Выезжали на встречную, матеря недовольных, съезжали на обочину, из-за пыли закрывая окна, подскакивали на неимоверных колдобинах, сметая с пути машинки попроще своим бампером западного производства.
Если бы понадобилось, так и по трупам бы проехали.
Шофер кивнул ему на дорогу, потом на рукоятку дворников, и собственная шутка привела его в такой восторг, что Шарль попробовал понять ее суть. Это чтобы кровь счищать, – ржал он, – ты – понимать? Krov! Ха-ха. Отличная шутка.
Погода мерзкая, дышать нечем, голова раскалывается, не позволяя сосредоточиться на завтрашних встречах. Высыпал в рот очередной пакетик растворимого аспирина в порошке и тщательно облизал десны, чтобы скорее подействовало. В конце концов, уронил свои папки на пол, и документы рассыпались у его ног
Хватит! Пусть бы уже включил эти дурацкие дворники, и дело с концом…
Когда Виктор остановился, наконец, около горилл-швейцаров при входе в отель и пожелал ему спокойной ночи, у него не было сил ответить.
– Bla bla chto jaluyetes?
Его пассажир бессильно опустил голову.
– Bla bla bla goladyen?
Шарль отпустил дверную ручку.
– Moui staboye bla bla bla vodki! – решил он и снова выехал на дорогу
В зеркале заднего вида светилась его улыбка.
Они заехали в какие-то темные закоулки, где их седан стал выглядеть слишком вызывающе, и Виктор препоручил машину веселой ватаге пацанов. Проинструктировал их, показал им кулак, помахал перед носом пачкой рублей и тут же спрятал ее в карман, а чтобы не скучали, выдал пачку сигарет.
Шарль выпил стакан, второй, начал расслабляться, третий… и проснулся на следующее утро возле бытовок на стройке. Между энным стаканом и храпом, доносившимся с соседнего кресла, – полный провал в памяти.
Никогда еще собственное дыхание не приводило его в такое… замешательство.
Свет сдавил голову. Он доплелся до колонки, наклонился, ополоснул лицо, напился воды, изверг наружу свое похмелье и начал все сначала.
Как над ним потешался Тотор,[111] было ясно без всякого разговорника.
Наконец, тот сжалился и протянул ему бутылку.
– Пей! Друг мой! Хорошо!
Надо же… Впервые в жизни Виктор заговорил по-французски… Кажется, ночь выдалась на редкость продуктивной в деле преодоления языковых барьеров…
Шарль послушался и…
– Spassiba dorogoj! Vkusna! Взбодрился.
Несколько часов спустя он в письменном виде обзывал Павловича кретином, а потом, при встрече, душил его в объятиях.
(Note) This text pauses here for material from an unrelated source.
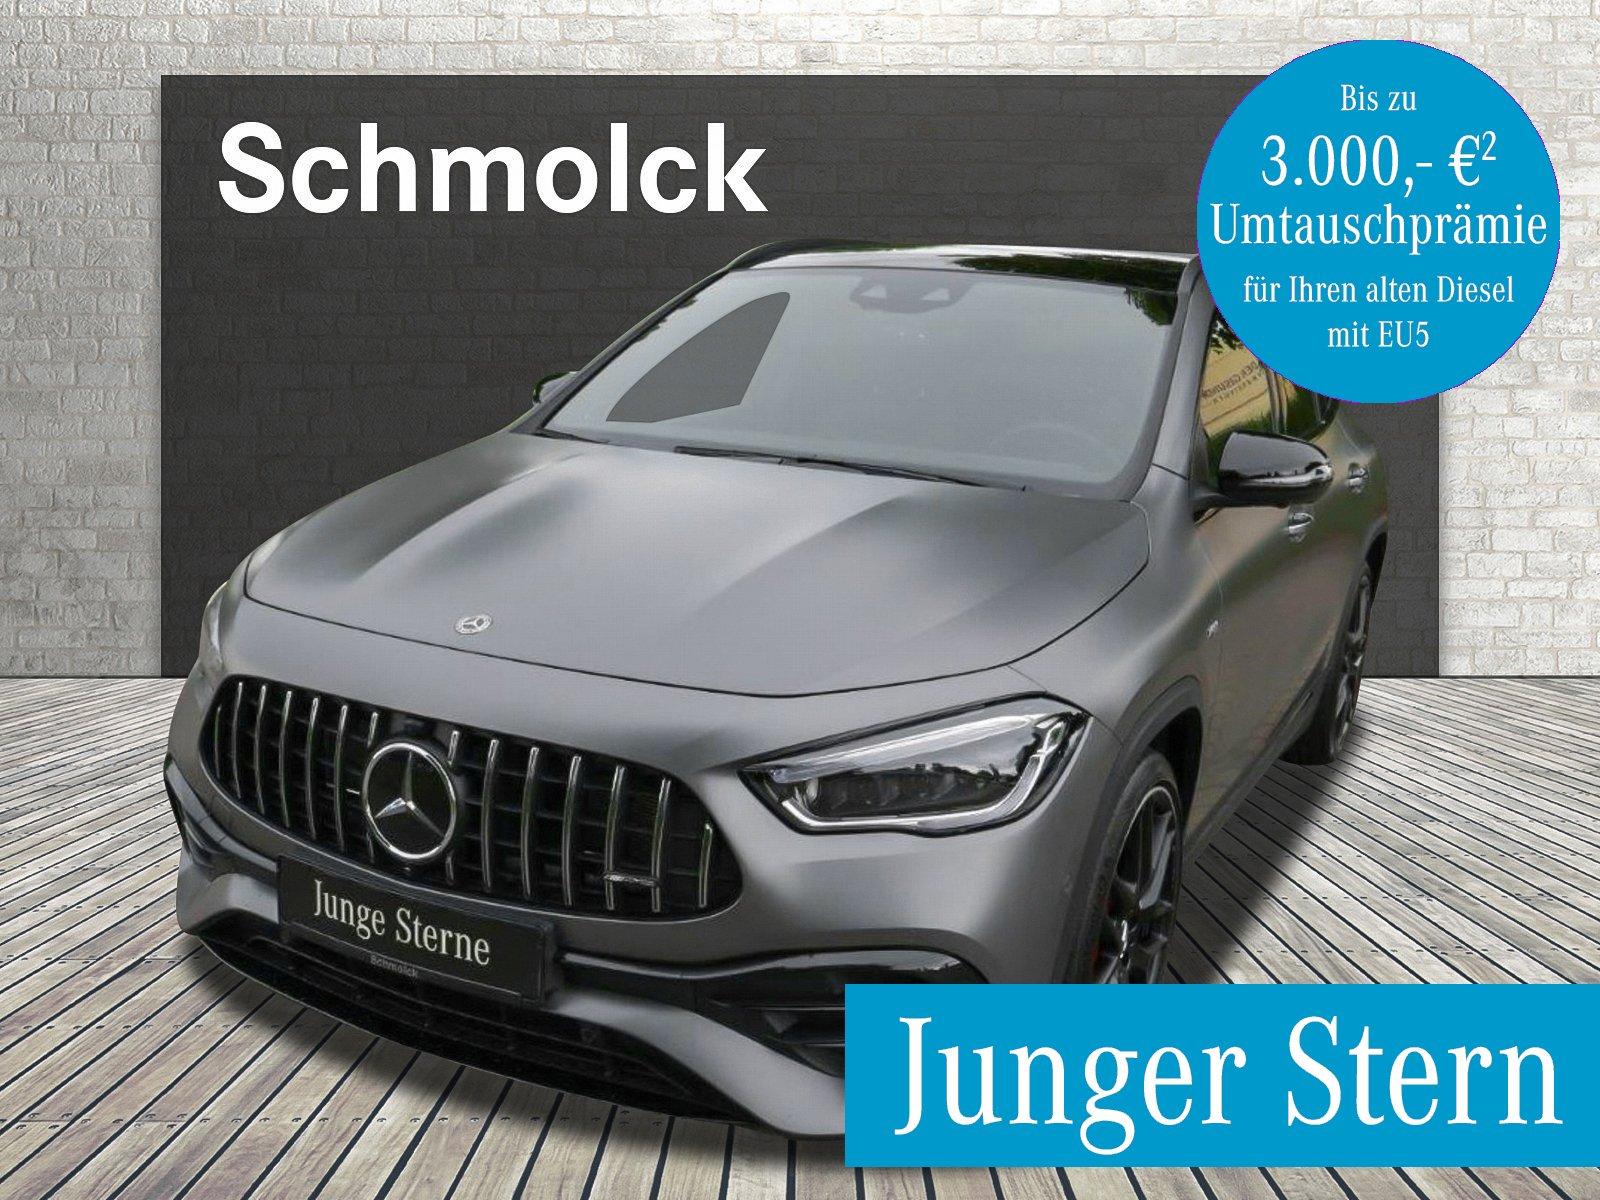 Mercedes-Benz GLA 45 AMG S 4M+ DSTR/PANO/DRIVER`S P/BURM +86K*, Jahr 2020, Benzin

Ну вот, теперь он настоящий русский.
Начал трезветь в аэропорте, когда попытался перечитать свои… записи (?), а окончательно очухался, когда позвонил Филипп и начал на него орать.
– Слушай, я только что говорил с этим типом от Бекера… И что это еще за херня с обшивкой для двойных балок в В-1. Боже мой, да ты вообще понимаешь, сколько денег мы теряем каждый день? Ты понимаешь?
Шарль отодвинул телефон от уха и оглядел его с подозрением. Матильда, хотя ей самой было на все это глубоко наплевать, без конца повторяла ему, что этот девайс страшно канцерогенен. «Клянусь тебе! Это также вредно, как микроволновка!» О-па, сказал он себе и захлопнул сотовый, чтобы избавить себя от ругани своего компаньона…
Наобум открыл книгу, «в два слова купил семнадцать жеребцов на подбор у старого кавалериста, владельца коверной, столетней запеканки, старого венгерского и чудных лошадей»,[112] потом проводил Николая Ростова на бал к воронежскому губернатору.
Вместе с ним подцепил «полную и миловидную блондинку» и осыпал ее «мифологическими» комплиментами.
Когда появился муж, быстро встал. Подчинился приказам, показал посадочный талон, снял ремень, сапоги, саблю, редингот и положил их в пластиковый поддон.
Почему-то зазвенел, проходя через рамку металлоискателя, и был отправлен на прощупывание.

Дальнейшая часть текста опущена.